Periodic Reporting for period 1 - GlycoPeptides (Exploiting in vitro evolution of macrocyclic glycopeptides to explore selectin interactions)
Período documentado: 2017-05-01 hasta 2019-04-30
The interaction between proteins and sugars is often weak, requiring many interactions to work together to give a strong effect. For this reason, it has been difficult to find molecules that can be used to target selectins. In this work, we investigated the interaction between selectins and glycans and tried to find molecules that can be used to disrupt the selectin-glycan interaction. These might eventually be useful in medicine, for example preventing chronic inflammation or stopping cancer cells from hijacking this adhesion process to spread throughout the body.
Our objectives were to find molecules that could bind strongly and selectively to each of the three selectins. To achieve this, we modified a system for generating tens of billions of different compounds at a time, with DNA used as a barcode to allow identification of which of these many different molecules can bind to the selectin. This required us to develop some new chemical tools to allow this pool of molecules to better resemble the glycans that selectins normally bind to, improving our chances of success. We also aimed to use this vast pool of different molecules to look for patterns of binding that might teach us more about how selectins work.

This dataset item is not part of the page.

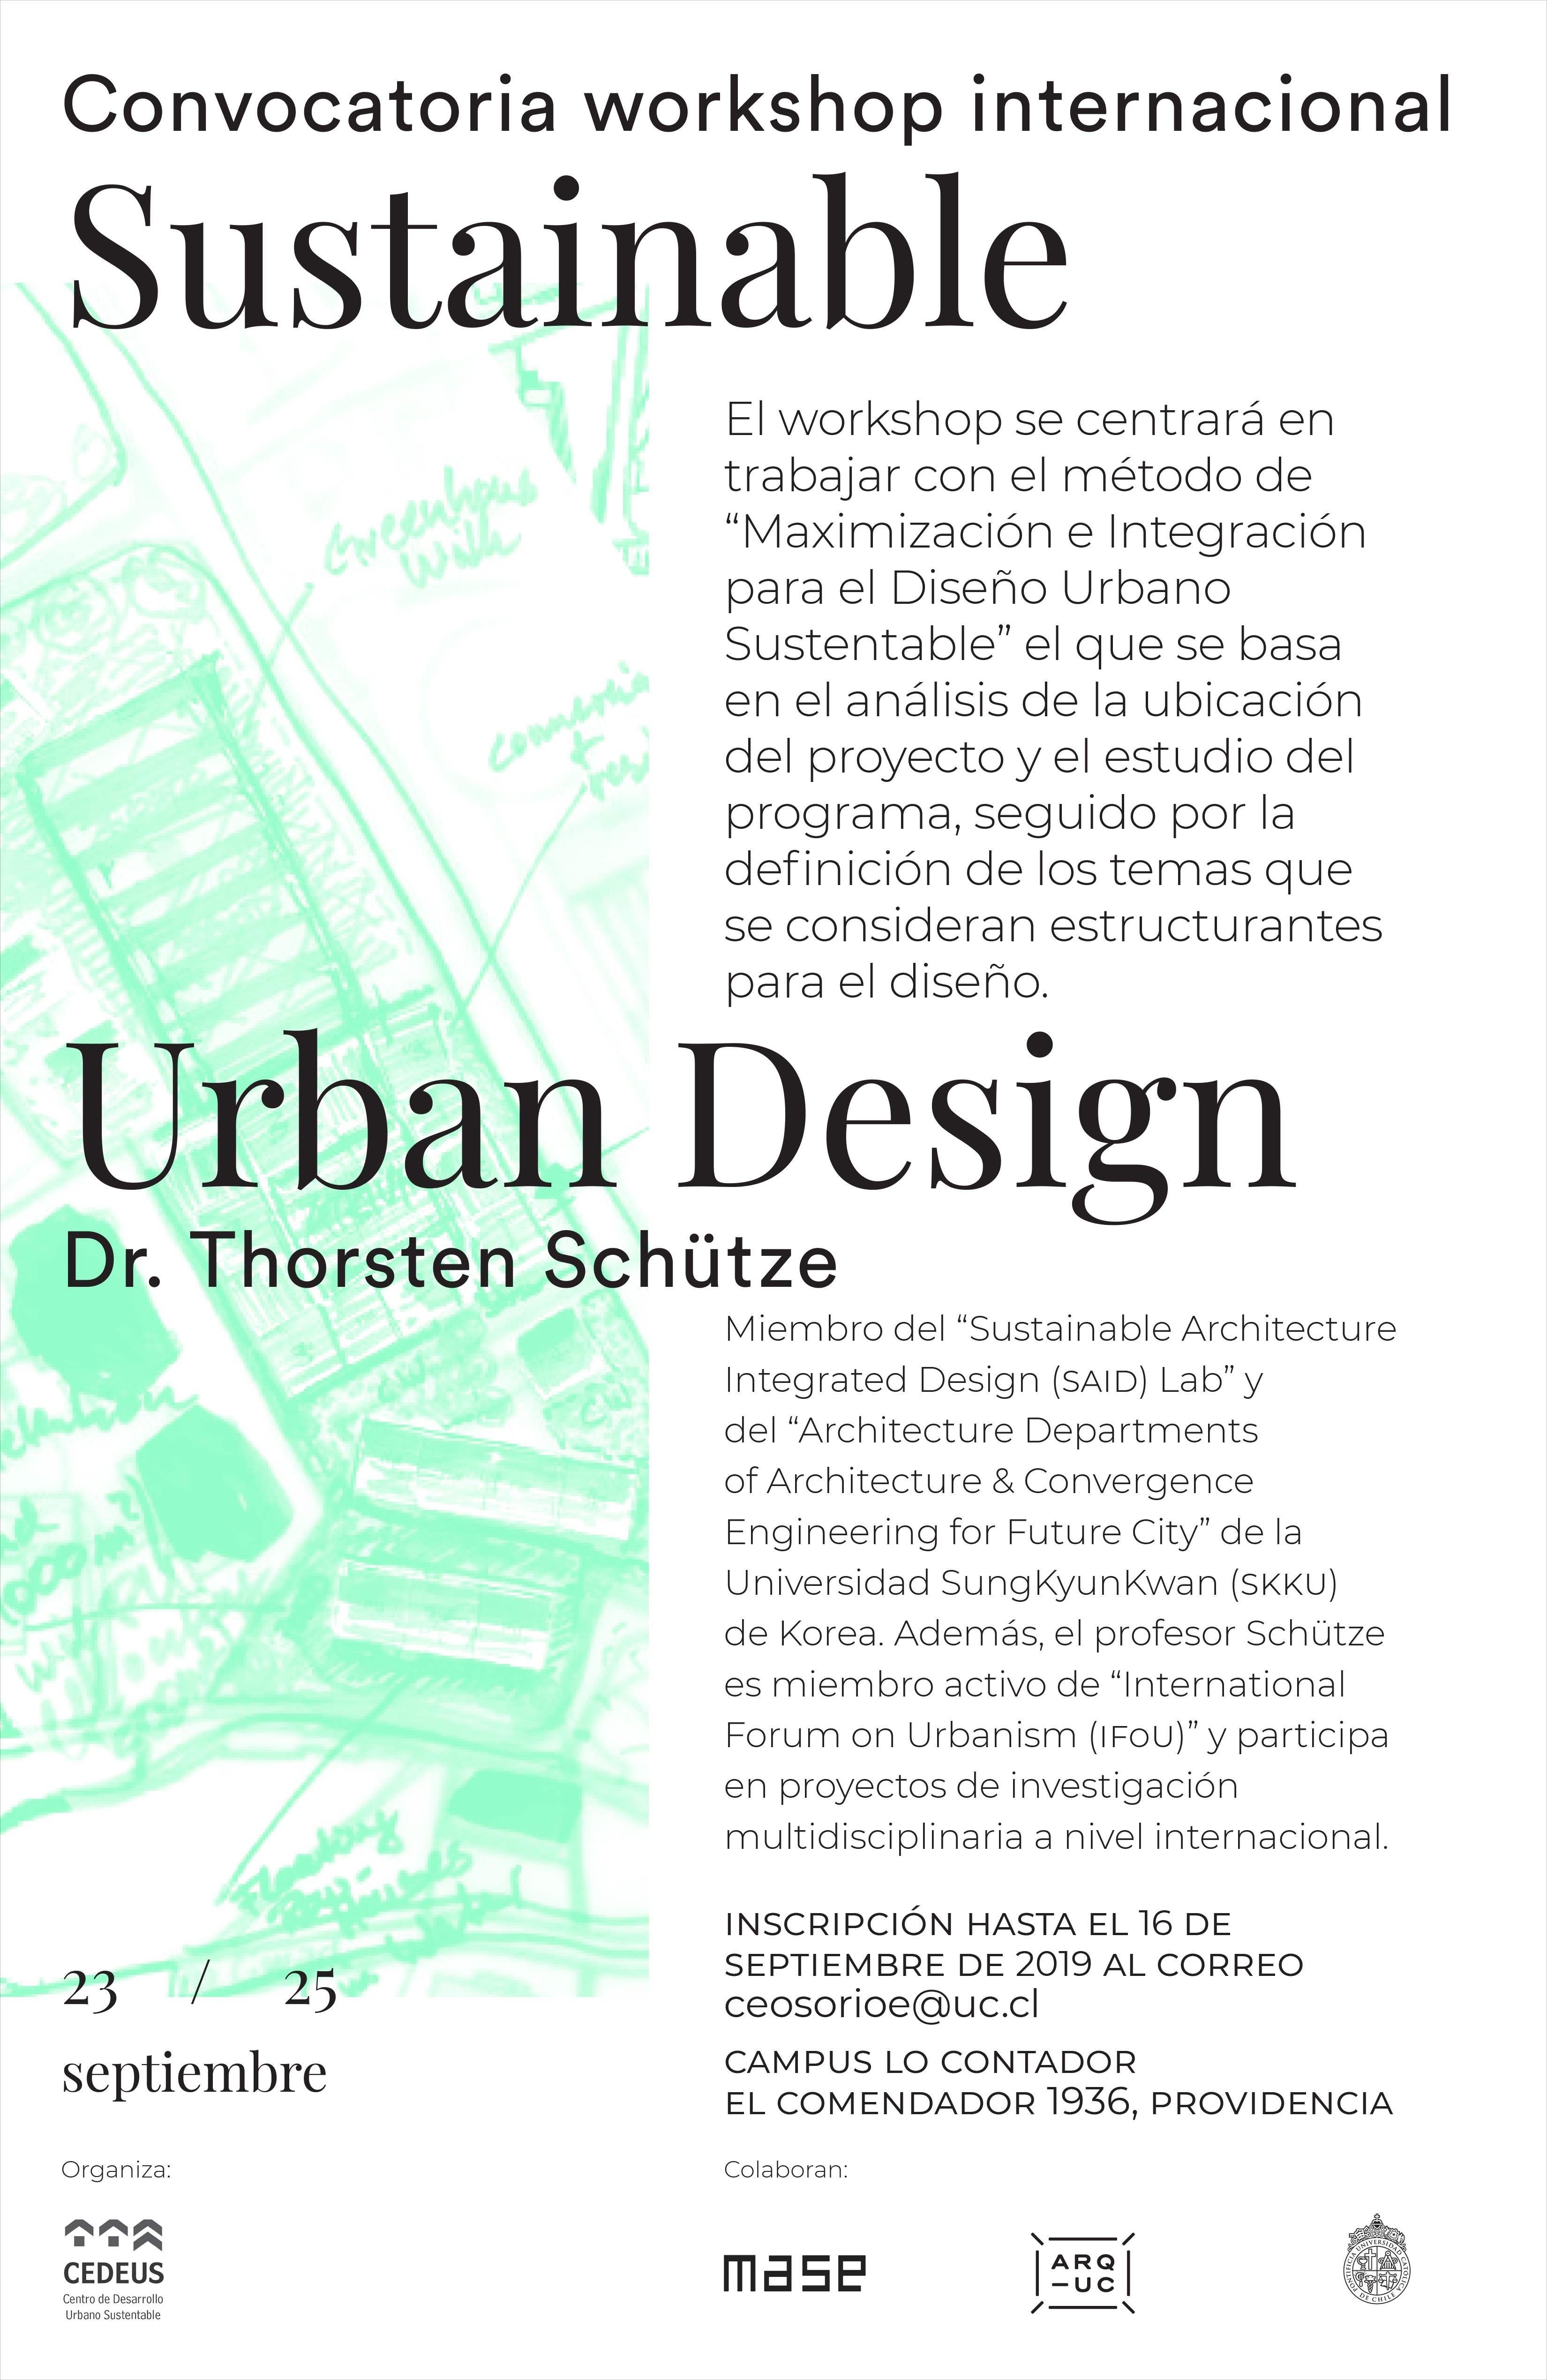 20190823_MASE_Conv_Workshop_Sust_Urban_Design_3_copy.jpg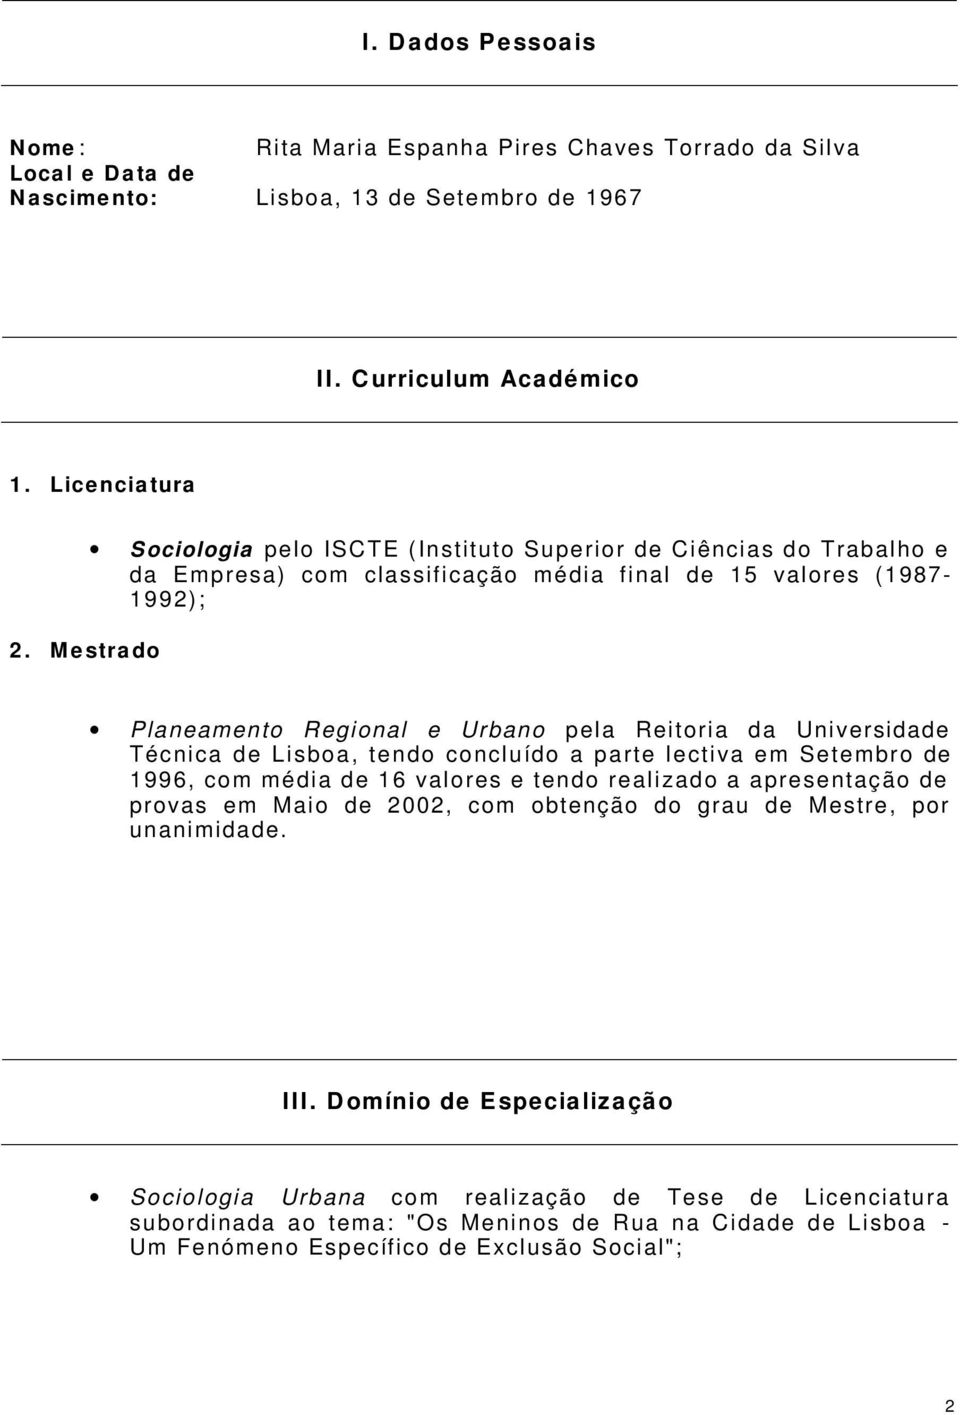 Universidade Técnica de Lisboa, tendo concluído a parte lectiva em Setembro de 1996, com média de 16 valores e tendo realizado a apresentação de provas em Maio de 2002, com obtenção do grau de

With these tools ready, we looked for specific molecules from this pool of tens of billions of different options that could bind specifically to E-selectin (one of the three types of selectin). This proved successful, and we identified several promising candidate molecules that we are now in the process of testing. These results will lead to a publication in an academic journal, and potentially developed further as treatment for diseases where selectin involvement has been shown.